- Data below
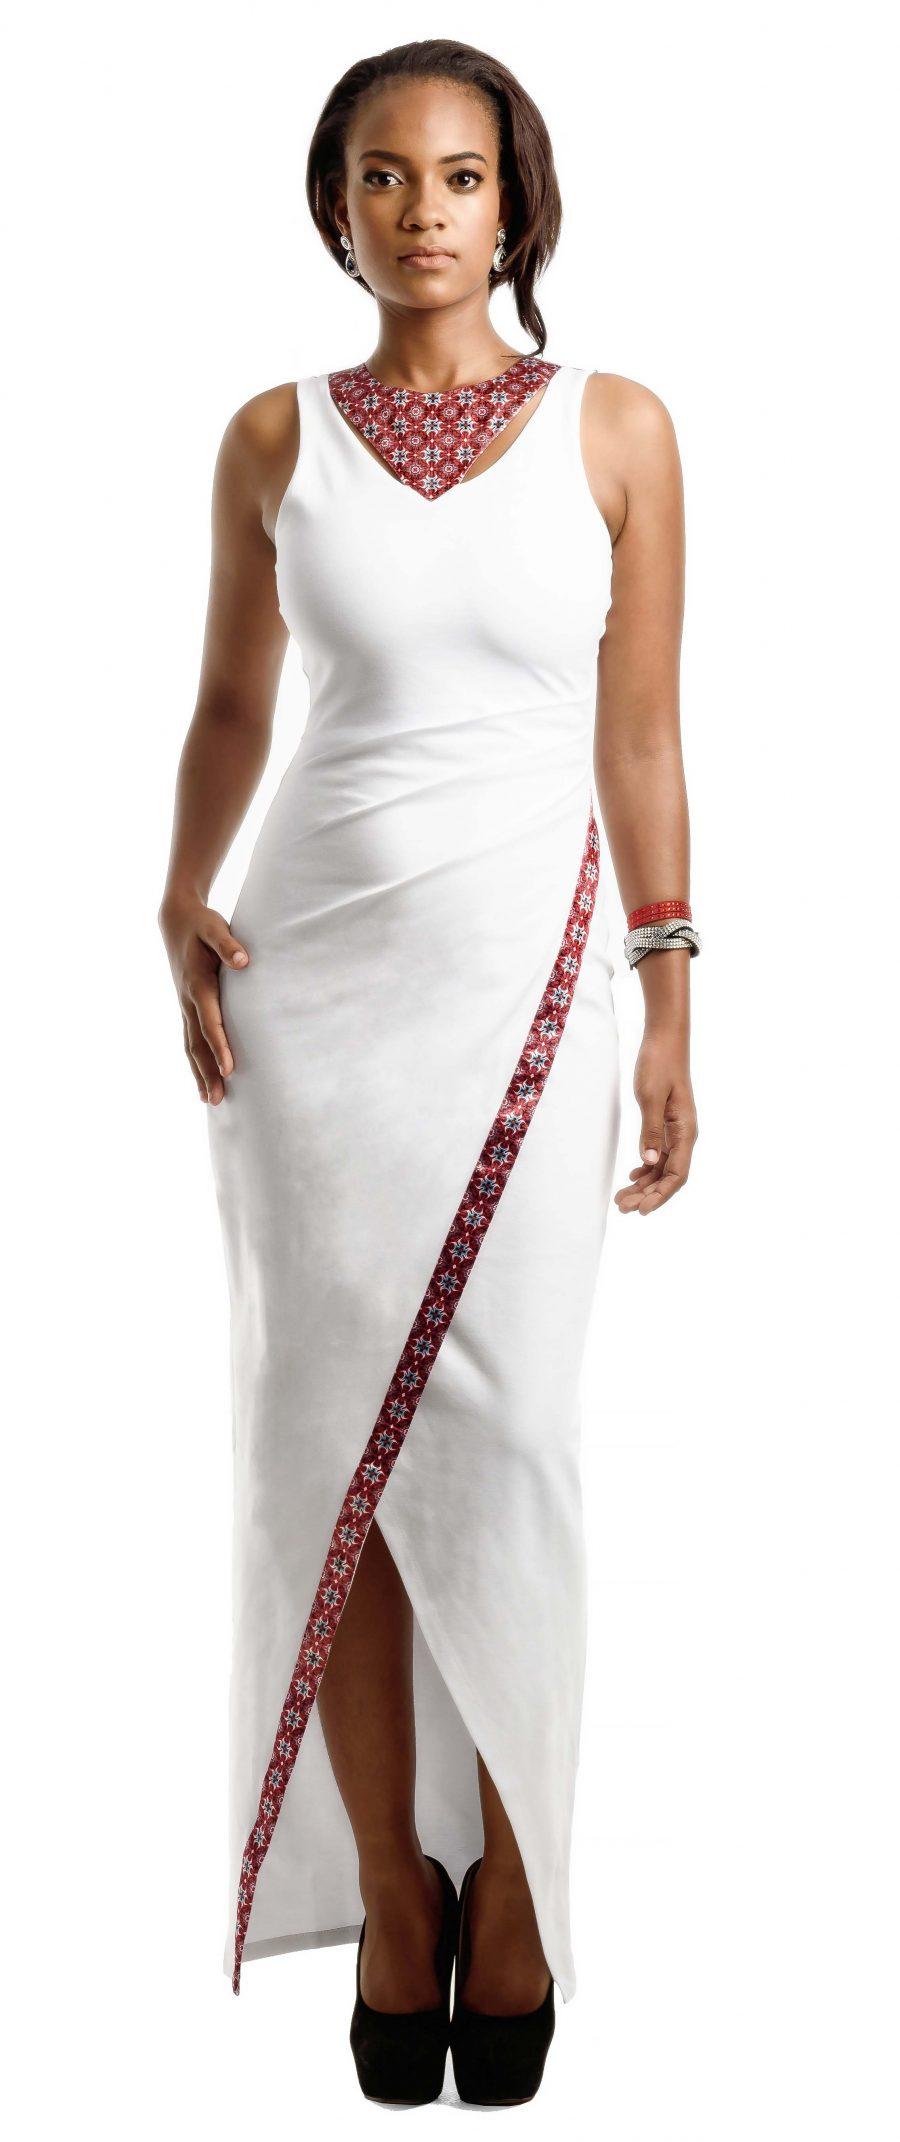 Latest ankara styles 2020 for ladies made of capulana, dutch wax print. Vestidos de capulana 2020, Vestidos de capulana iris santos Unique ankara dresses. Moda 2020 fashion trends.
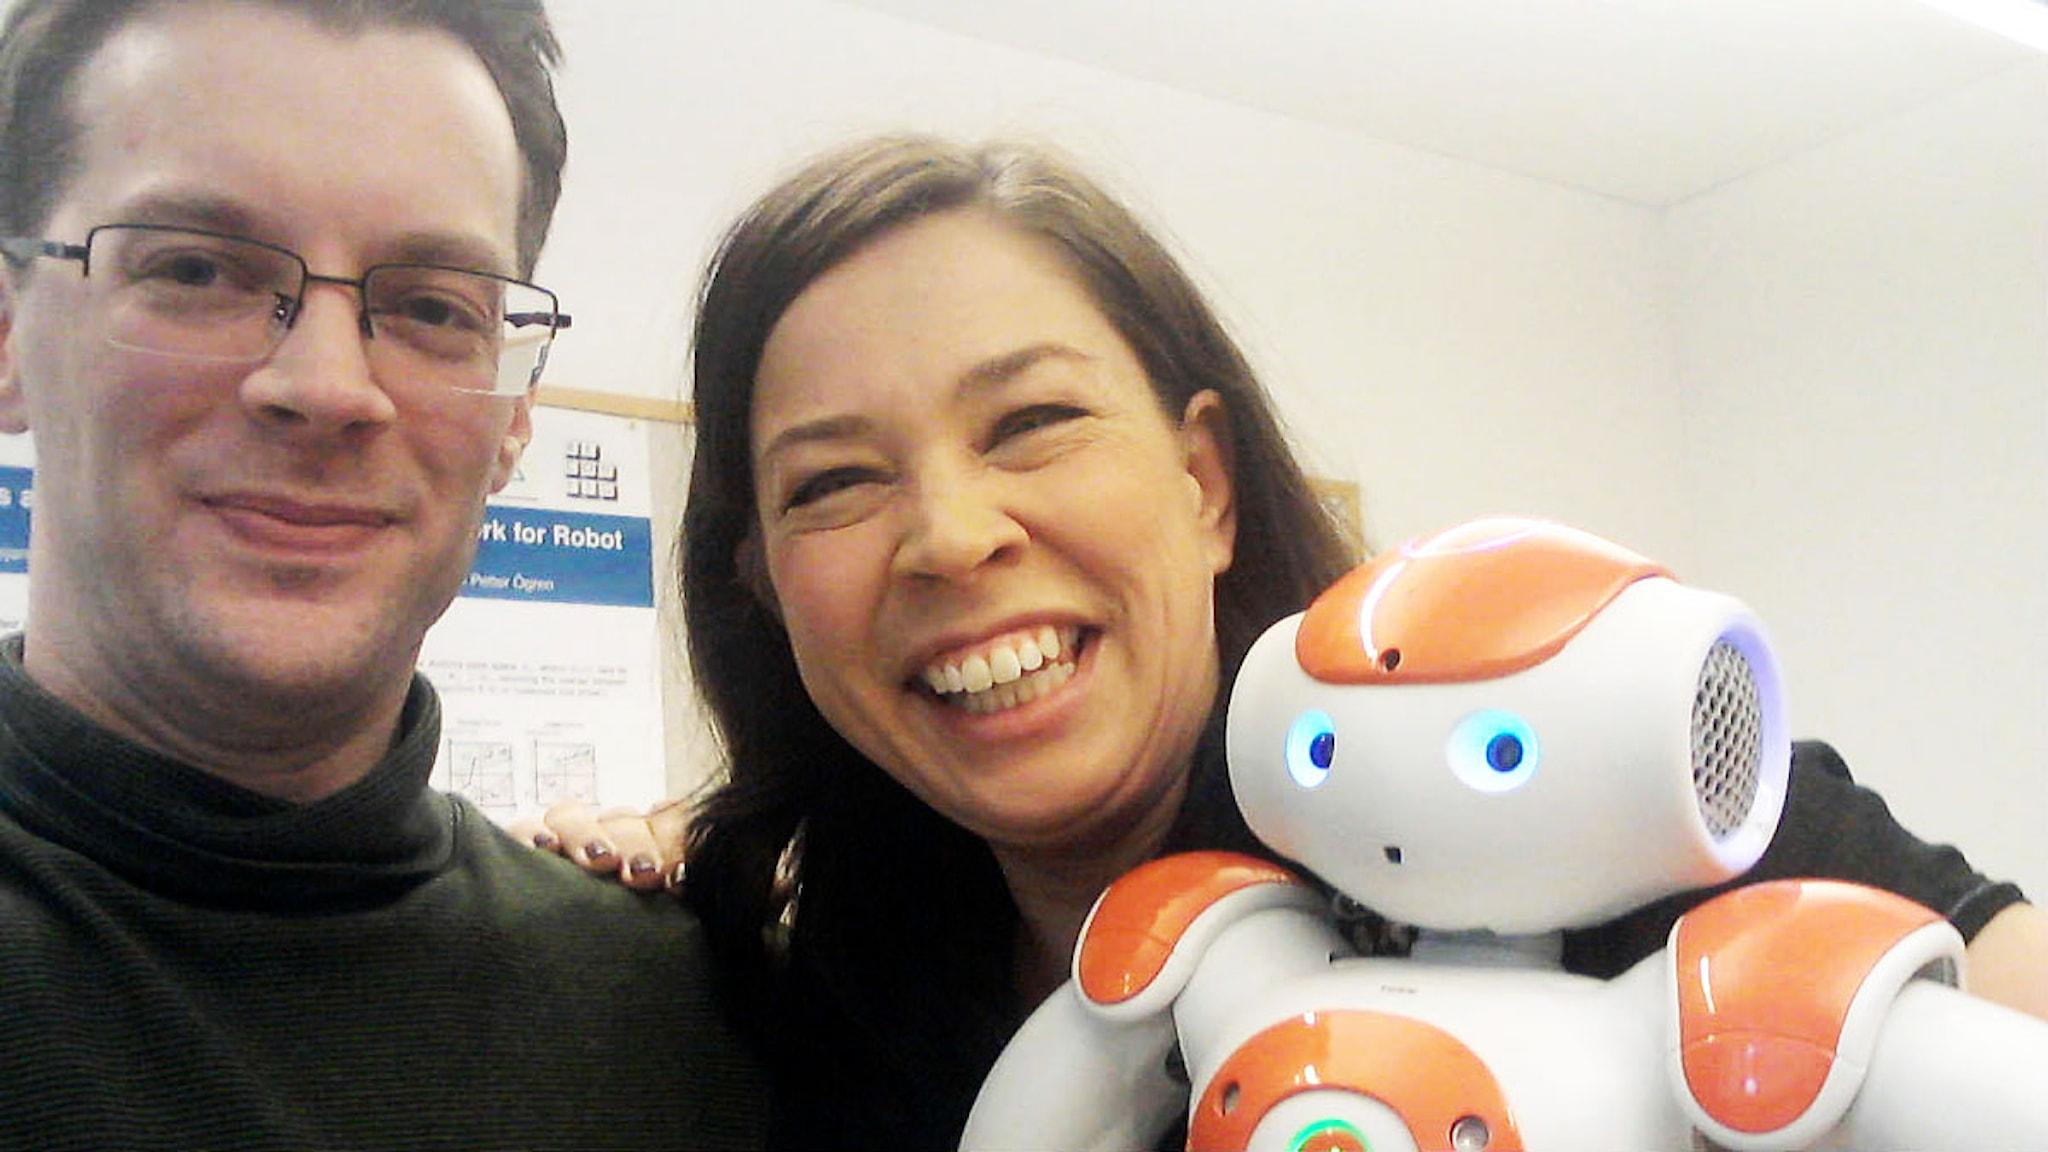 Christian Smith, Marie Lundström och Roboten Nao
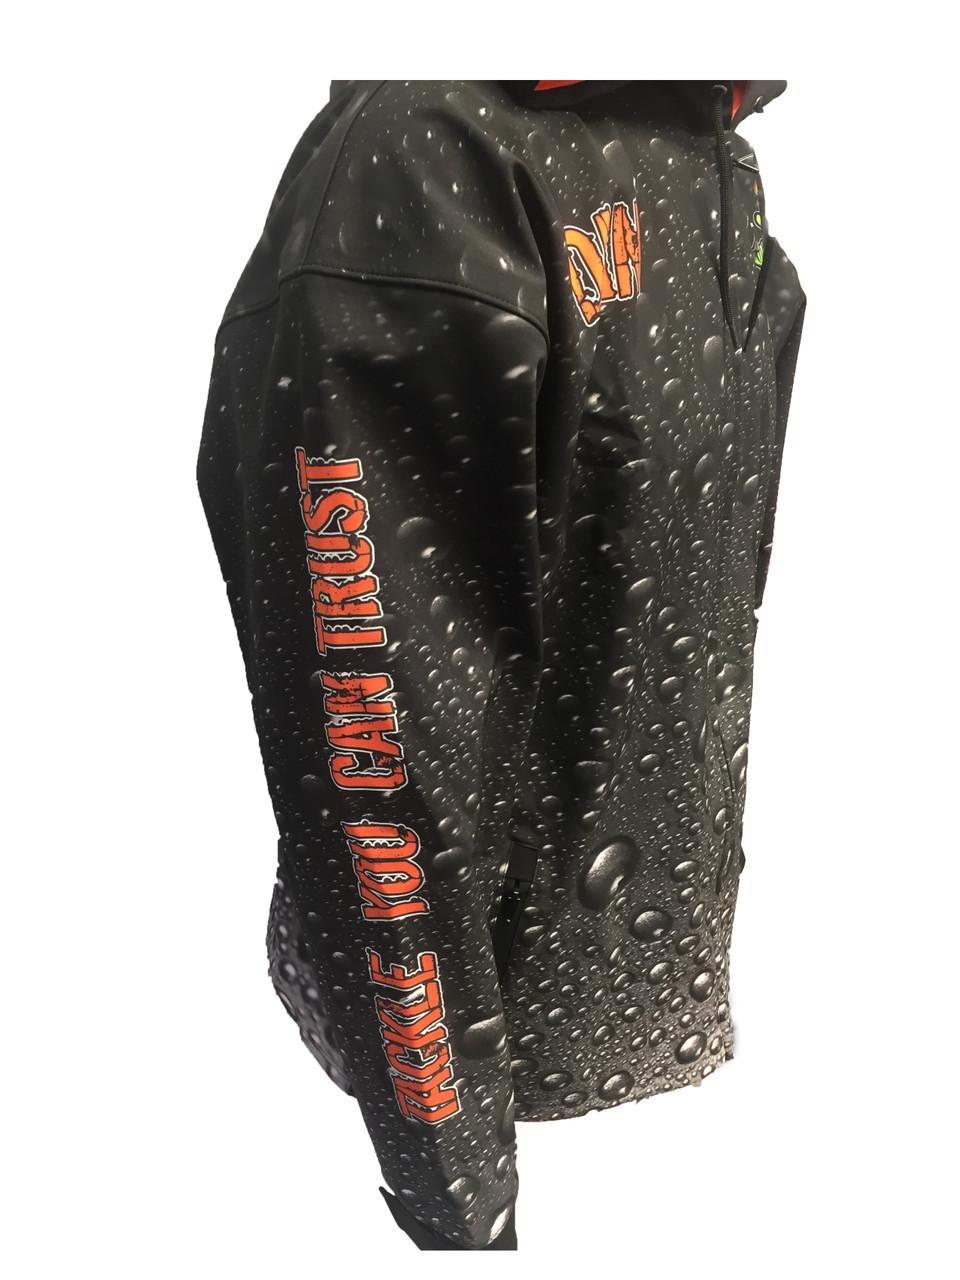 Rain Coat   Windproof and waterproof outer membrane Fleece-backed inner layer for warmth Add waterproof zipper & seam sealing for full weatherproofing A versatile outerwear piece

- Your assignment
The expected output is the exact run of lines from the first line of the material above through the line that contains "Christian Smith, Marie", minus any pictures.

- Finished exercise
 Latest ankara styles 2020 for ladies made of capulana, dutch wax print. Vestidos de capulana 2020, Vestidos de capulana iris santos Unique ankara dresses. Moda 2020 fashion trends.
 Christian Smith, Marie Lundström och Roboten Nao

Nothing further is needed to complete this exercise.